17/12/09

Come quel pompiere

Era proprio un pompiere come quelli che si vedono nei film, nei fumetti o nei cartoni animati: un fisico perfetto, l'espressione allegra, sempre gentile e disponibile con tutti. Affacciandomi alle finestre dell'ufficio dove stavo io, lo vedevo scherzare in cortile con gli ausiliari del centralino, e poi correre come un razzo al primo suono del campanello che annunciava gli interventi.

Durante il mio periodo di ferma come vigile del fuoco, non ero assegnato a una cosiddetta partenza. Non ero cioè accanto a quelli che vanno a spegnere gli incendi, a rischiare di morire per salvare un gatto (con tanto di folla sotto che applaude... al gatto, ovviamente) o - cosa ben più comune - ad aprire la porta di casa a qualcuno che s'è chiuso fuori. Un po' come accadeva a tutti gli altri miei colleghi militari, la mia inestimabile presenza gratuita era ritenuta più adatta a rispondere al telefono, imbustare la corrispondenza, fare la fila per i biglietti al posto di qualcuno che non c'aveva voglia o - nel caso si richiedessero abilità eccezionali - per scarrozzare in macchina qualche impiegato del Ministero.

Se però a partecipare a qualche intervento ci tenevi proprio (molti erano più contenti di sedere per ore fissando il vuoto) c'era comunque una possibilità: quando l'ufficio dove ti avevano assegnato chiudeva, piuttosto che andartene a casa potevi chiedere al Caposquadra di turno il permesso di andare insieme a loro.

Erano in pochi a dirti di no. Magari con scuse stupide, come il fatto che una persona di più sul mezzo faceva sentire caldo. Oppure perché era uno di quelli che stavano sempre incavolati o perché - semplicemente - gli stavi antipatico tu come persona specifica. Gli altri ausiliari se li portava sempre ma te - invece - no.

A qualche altro Caposquadra, forse, la cosa scocciava lo stesso: in fondo eri solo uno che sarebbe stato lì solo per qualche mese, che non sapeva fare niente e che toccava pure tenere d'occhio. Però credo che gli piacesse provare a insegnarti qualcosa, e quando c'era da uscire lasciavano salire sul mezzo anche te.

«Vuoi venire sulla partenza con me?» mi ha detto invece lui, quasi come se non gli sembrasse possibile, la volta che sono andato a chiederglielo. «Davvero?»

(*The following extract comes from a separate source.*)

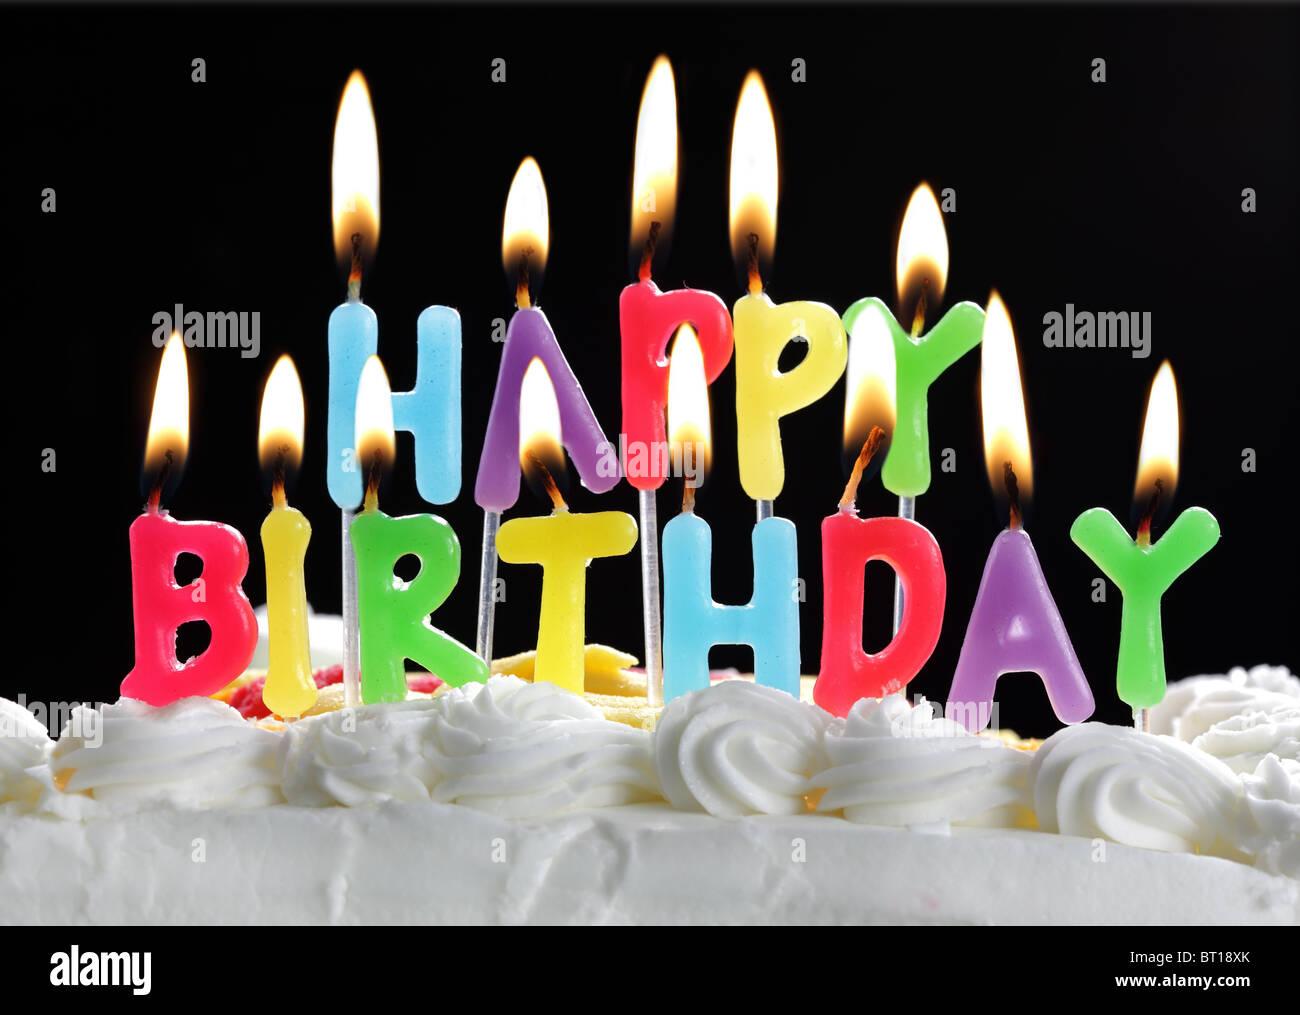 Herzlichen Gluckwunsch Zum Geburtstagskerzen Auf Der Torte Stockbild

L'avevano fatto Caposquadra da pochissimi giorni. Forse ero il primo ausiliario a chiedergli di andare con lui, e la cosa gli sarà parsa in qualche modo speciale. O forse gli stavo semplicemente simpatico, questo non lo saprò mai.

In ogni caso non ricordo eventi particolari di quella giornata, per cui si vede che è andato tutto bene. Avremo fatto i soliti tre o quattro interventi standard: un soffitto macchiato d'acqua, qualche calcinaccio caduto, al limite un cassonetto bruciato. E poi, me ne sono andato a casa.

Qualche tempo dopo io mi sono congedato, e quel Caposquadra è stato trasferito in un altro distaccamento. E il resto della storia, purtroppo, lo conoscerete un po' tutti: una notte per strada c'è puzza di gas, ma i pompieri non trovano niente. La mattina dopo li chiamano di nuovo, loro ovviamente tornano di corsa, e nel giro di cinque minuti viene giù un intero palazzo.

Alla fine, la verità è che di quella persona non so davvero nulla. L'ho conosciuto troppo poco, e l'unico suo ricordo che mi è rimasto è quello che ho provato a raccontare qui sopra. E se per me è stato un eroe, è semplicemente perché era una persona che faceva il proprio lavoro con passione, con umiltà e con allegria. Non servono divise per questo, secondo me, e non serve nemmeno avere un lavoro speciale o pericoloso.

Io a entrare nei vigili del fuoco c'ho anche provato, ma alla fine la mia vita è andata da un'altra parte. Da grande, semplicemente, ho fatto tutt'altro, e quella divisa non la indosserò mai più.

Ma spero tanto di assomigliare, almeno un po', a quel pompiere.